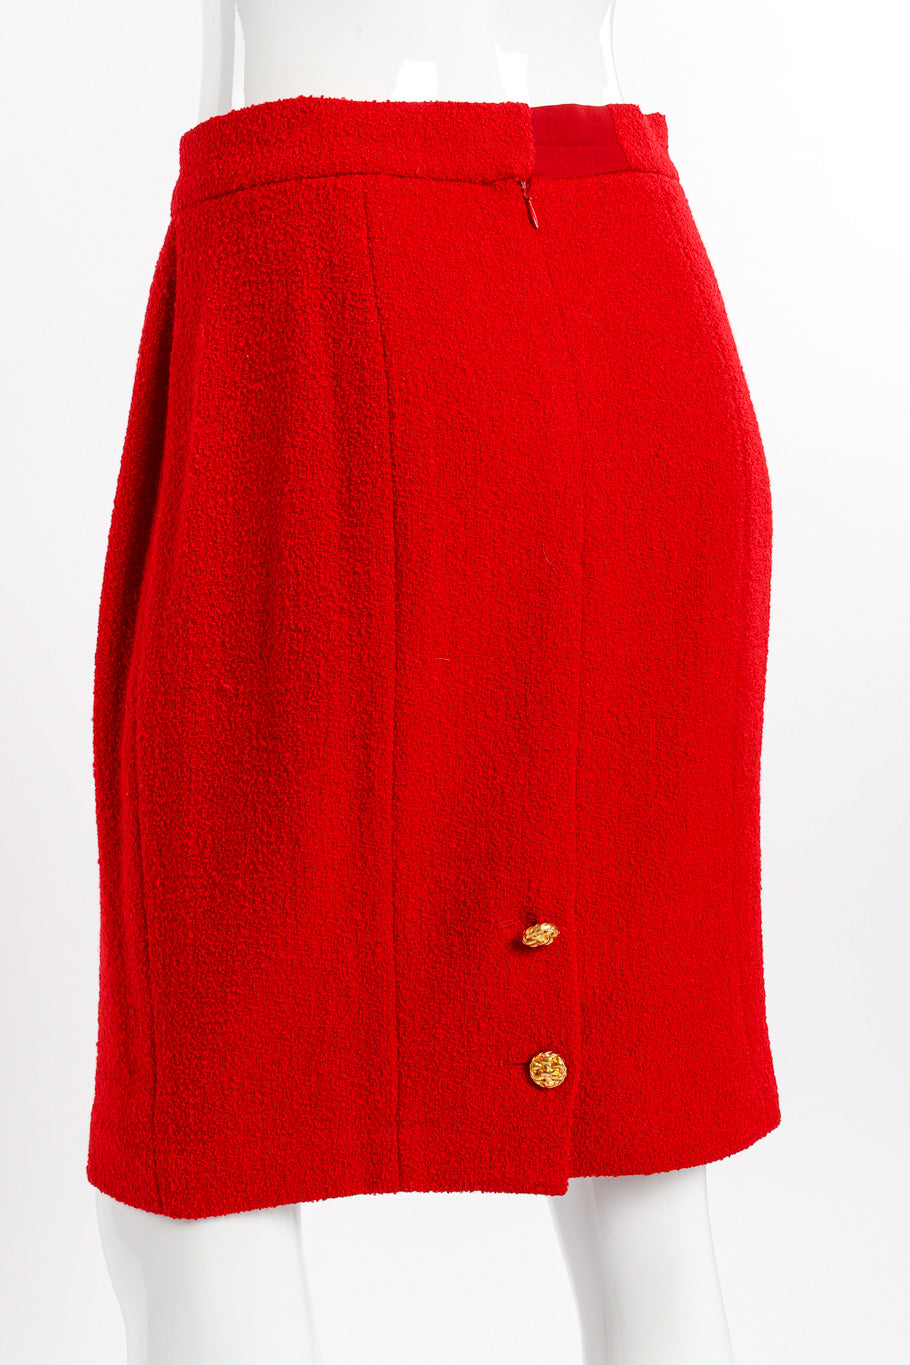 Vintage Chanel 1992 F/W Bouclé Long Jacket And Skirt Set skirt back view on mannequin closeup @recessla
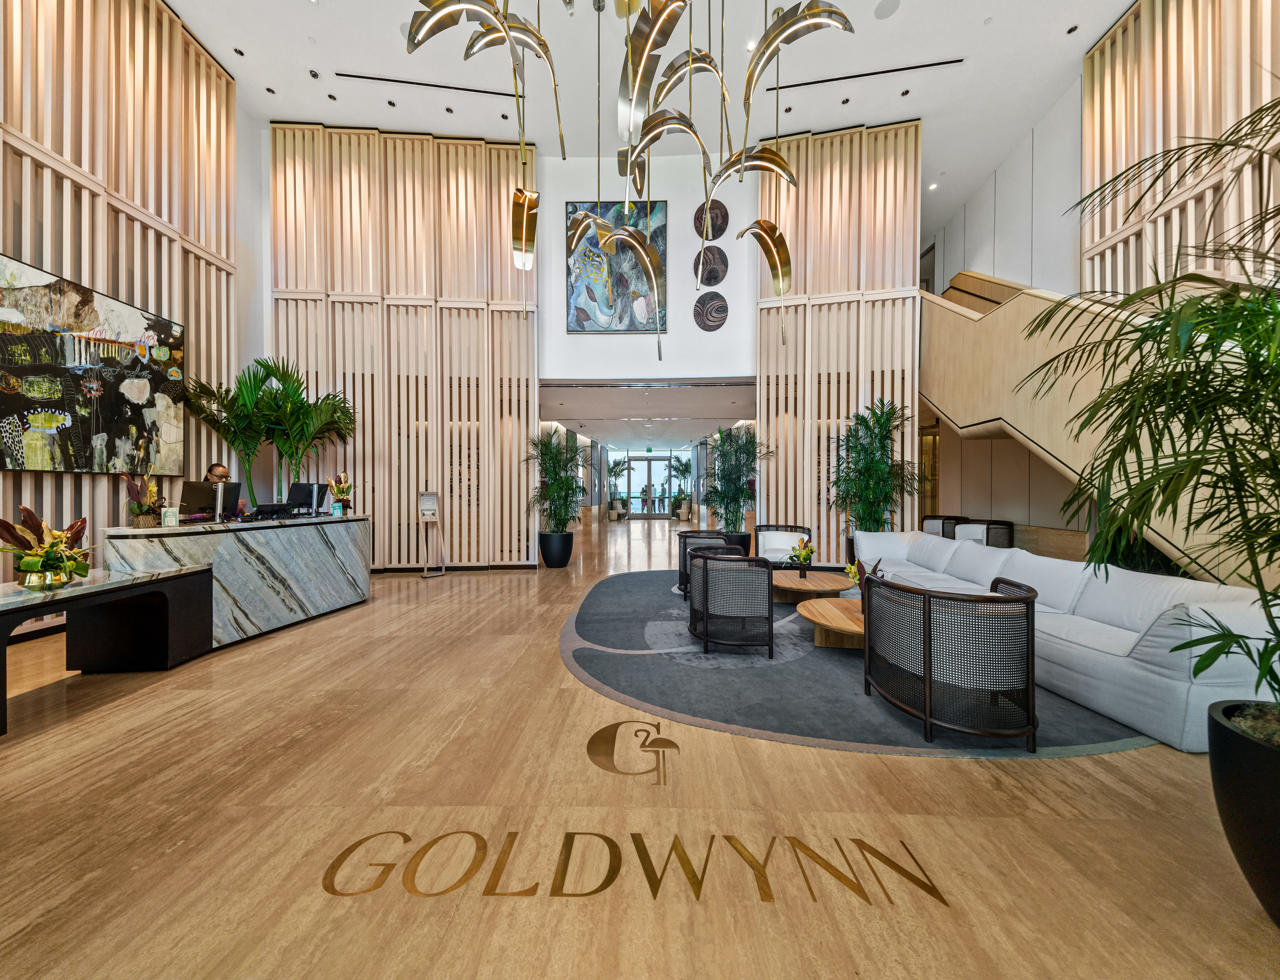 Goldwynn Residences
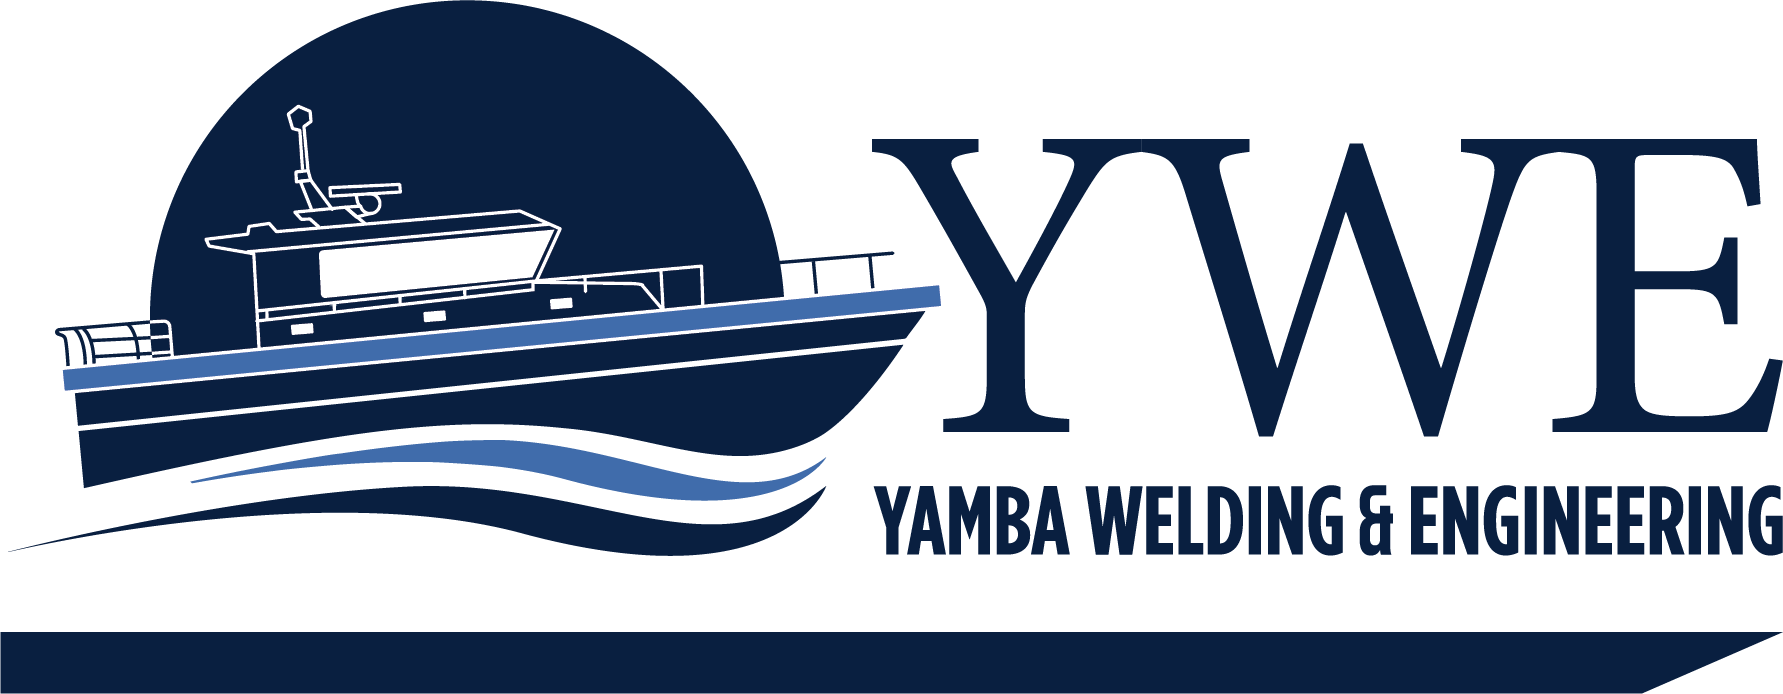 Yamba Welding and Engineering Odoo ERP Implementation Perth WA Australia
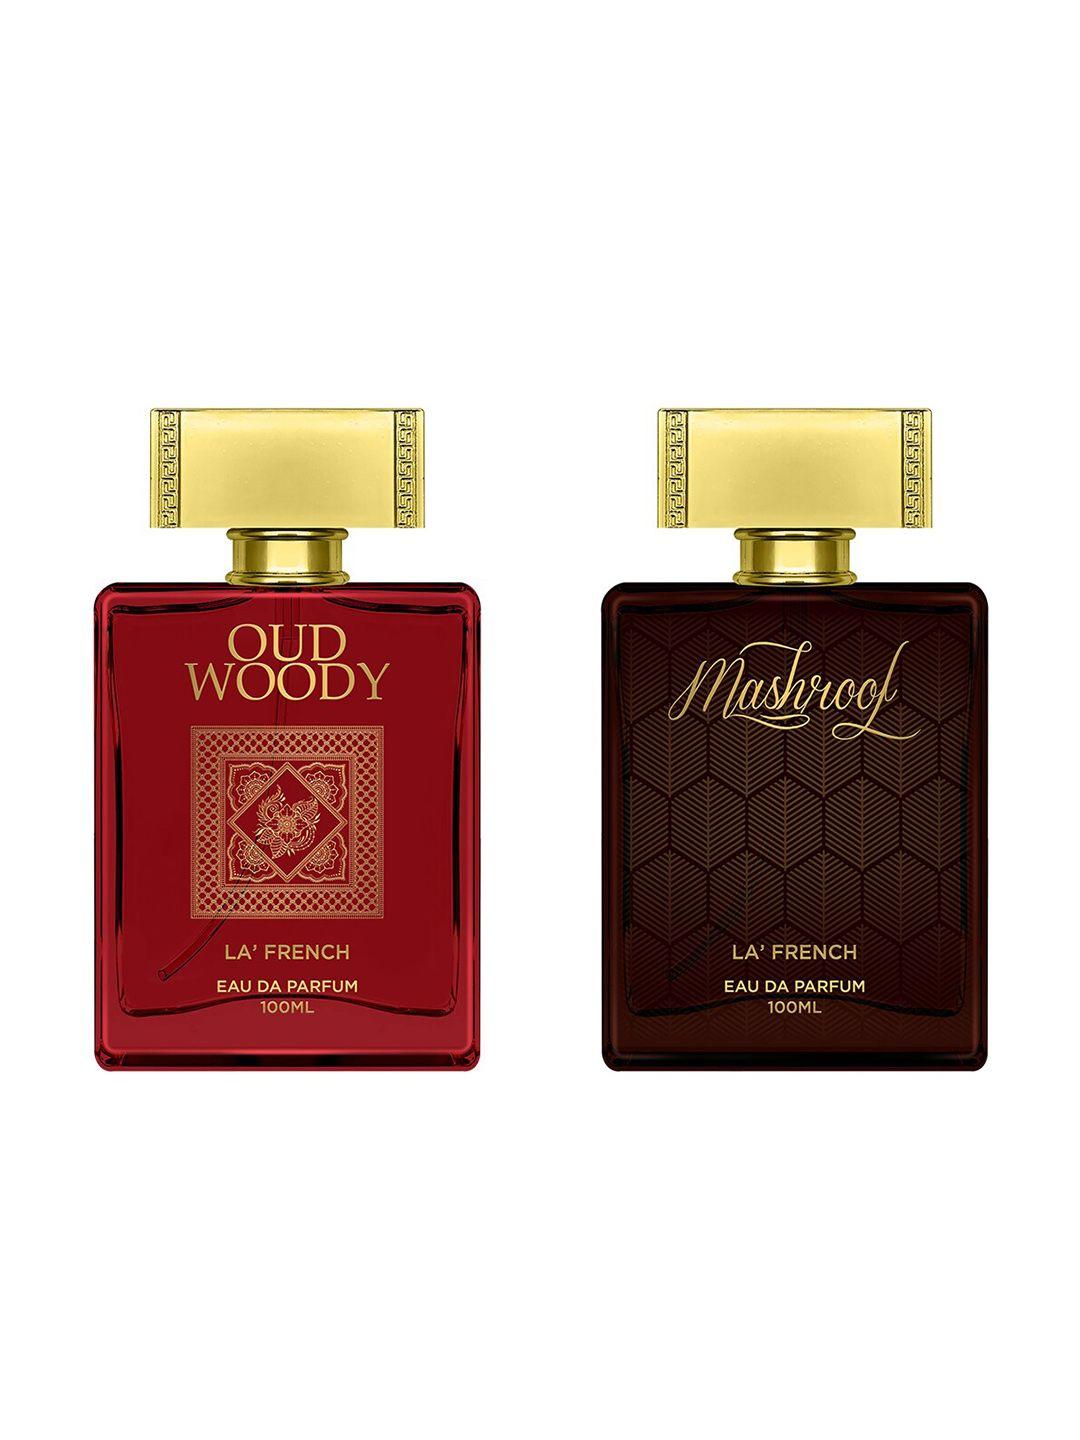 la french set of 2 oud woody & mashroof eau de parfum - 100ml each

::::

Work to complete: The material above is to be transcribed exactly, with its images omitted.

Task solution:
 Vintage Chanel 1992 F/W Bouclé Long Jacket And Skirt Set skirt back view on mannequin closeup @recessla
 Goldwynn Residences
 Yamba Welding and Engineering Odoo ERP Implementation Perth WA Australia
 la french set of 2 oud woody & mashroof eau de parfum - 100ml each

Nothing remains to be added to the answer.